The following functions have been defined in Postgres to select the nearest gridpoint in spacetime for the ECMWF analysis and forecast tables.


These are ecmwf.forecast_nearest and ecmwf.analysis_nearest and they take a latitude, longitude and timestamp as parameter.

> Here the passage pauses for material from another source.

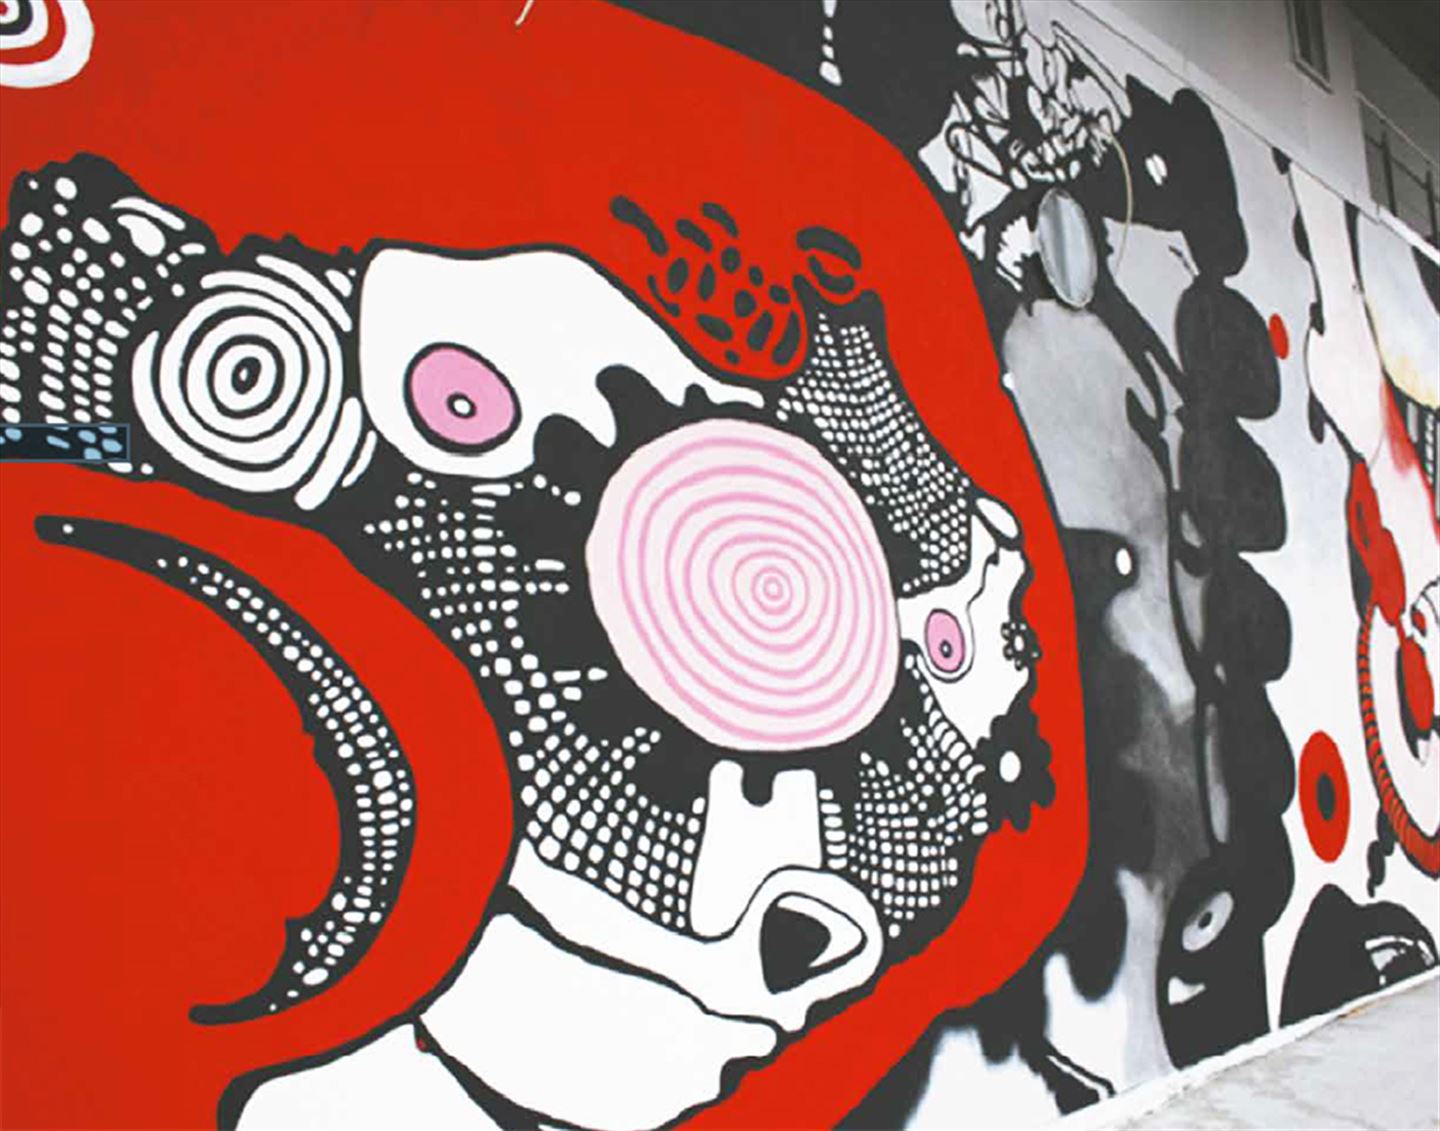 foto av kunstverket Adebaran langs bybanetraseen. Det er eit stort teikneserieaktig kunstverkverk i svart, raudt og rosa.

They can be used in the following way, which will return all the fields in the relevant ECMWF data:

 SELECT * FROM ecmwf.forecast_nearest( 52.35983, 5.615, timestamp '2008-05-19 13:34:00');
  
 SELECT * FROM ecmwf.analysis_nearest( 52.35983, 5.615, timestamp '2008-05-19 13:34:00');

Note that the model latitude and model longitude are returned as integers and multiples of 100. To return latititude and longitude as a decimal (for example to compare to the latitude and longitude of your GPS data) you need to first convert these fields to decimals:

 SELECT f.latitude/100::decimal, f.longitude/100::decimal
 FROM ecmwf.forecast_nearest( 52.35983, 5.615, timestamp '2008-05-19 13:34:00') f;

These function can for example be used in a join as follows :

 SELECT g.device_info_serial
      , g.date_time
      , g.latitude
      , g.longitude
      , g.speed_2d
      , g.altitude
      , (ecmwf.forecast_nearest( g.latitude, g.longitude,g.date_time)).*
 FROM gps.ee_tracking_speed_limited g
 WHERE g.device_info_serial = 1 
   AND g.latitude <> 0
   AND g.userflag = 0
 ORDER BY g.date_time;


Although these functions were converted to PLPgSQL to speed them up, a faster ways to retrieve the same data is with (thanks to Floris Sluiters):

 SELECT device_info_serial, date_time, latitude, longitude, speed_2d, altitude, (x::ecmwf.forecast).*
 FROM (SELECT 
      g.*
      ,((SELECT f 
           FROM ecmwf.forecast f
          WHERE f.latitude = round(g.latitude * 100 / 25)::integer * 25
            AND f.longitude =  round(g.longitude * 100 / 25)::integer * 25
            AND f.modelts = TIMESTAMP 'epoch' + round(EXTRACT(EPOCH FROM g.date_time) 
                / (60*60*3))::integer * INTERVAL '3 hours' limit 1)::ecmwf.forecast) as x 
       FROM   gps.ee_tracking_speed_limited g
       WHERE g.device_info_serial = 1 
            AND g.latitude <> 0
            AND g.userflag = 0
         ORDER BY g.date_time) t

Below is example query that retrieves data for a model grid point closest to user provided coordinates and for one model time stamp (eg. 12:00) for a series of consecutive days

 SELECT f.modelts, f.latitude, f.longitude, f.blh
 FROM ecmwf.forecast as f
 WHERE f.latitude = round(42.718104*100/25)::integer*25 AND f.longitude = round(11.517727*100/25)::integer*25 and 
   f.modelts >= '2007-08-01 12:00' and f.modelts <= '2008-08-01 12:00' and date_part('hour', f.modelts) = 12
 ORDER BY f.modelts   


Interpolation

The following functions are added so that simple linear interpolation for a specific point in space and time can be done in Postgres.

These are ecmwf.forecast_interpolate and ecmwf.analysis_interpolate and they take a latitude, longitude and timestamp as parameter.

They can be used in the same way:

 select * from ecmwf.forecast_interpolate( 52.35983, 5.615, timestamp '2008-05-19 13:34:00');
  
 select * from ecmwf.analysis_interpolate( 52.35983, 5.615, timestamp '2008-05-19 13:34:00');

And they can also be used in joins as above. These functions select the 8 surrounding points in latitude, longitude and date_time and interpolate linear in latitude, longitude and date_time successively. The interpolate functions are much slower then the nearest functions.